Protesi a orecchio aperto

L’applicazione protesica deve essere quanto più possibile a orecchio aperto (open ear o open fitting). Questi apparecchi consentono la vantaggiosa applicazione anche in sordità lievi o con perdite solo delle frequenze acute. Nella nostra esperienza l’uso delle protesi open ear è estendibile alle sordità lievi, medie e in molti casi nelle sordità gravi. In quest’ultimo caso, dopo qualche mese di allenamento acustico e se il paziente desidera una maggiore amplificazione di ascolto, è possibile sostituire il ricevitore (il mini altoparlante) con un altro di maggior potenza e aumentare l’amplificazione.

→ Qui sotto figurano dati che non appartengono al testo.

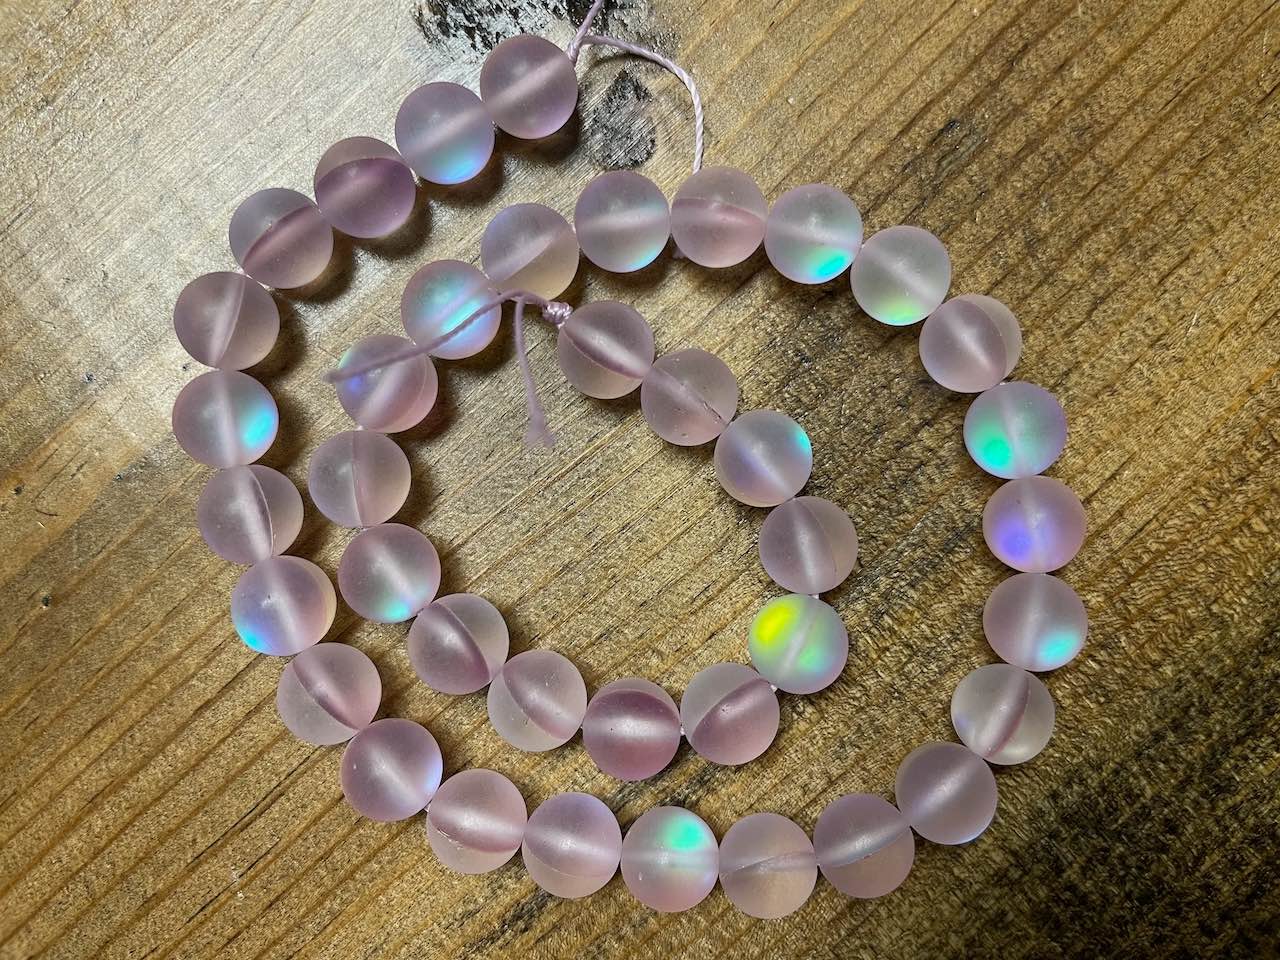 Mermaid Glass (Manmade Moonstone) 10mm Round Beads

Protesi per sordità infantili

Nell’applicazione infantile vanno considerati alcuni aspetti importanti:

  • la qualità della protesi deve essere ottimale in quanto il bambino deve sfruttare al massimo la stimolazione sonora e poter quindi apprendere al meglio il linguaggio e gli insegnamenti scolastici;
  • la protesi deve disporre di un sistema anti-fischio digitale molto efficace, indispensabile nei bambini di pochi mesi che ancora non si sorreggono in piedi e nelle sordità gravi;
  • preferibili protesi non lineari per evitare eccessi di amplificazione dei suoni forti e aumentare la sensibilità dei suoni deboli;
  • indispensabili alcuni accessori come:  wireless integrato, portapila di sicurezza non apribile dal bambino, colorazioni vivaci e attraenti per il bambino;
  • consigliabili, nei bambini con perdite medie, gli apparecchi a orecchio aperto.

Prevenzione della sordità

La perdita dell’udito da esposizione al rumore è l’unico disturbo dell’udito che possa essere efficacemente prevenuto, evitando l’esposizione o indossando apposite protezioni (come tappi per le orecchie o cuffie isolanti. La perdita dell’udito da infezione, si previene tramite una adeguata pulizia quotidiana dell’orecchio, usando prodotti di qualità ed evitando l’uso di cotton fioc.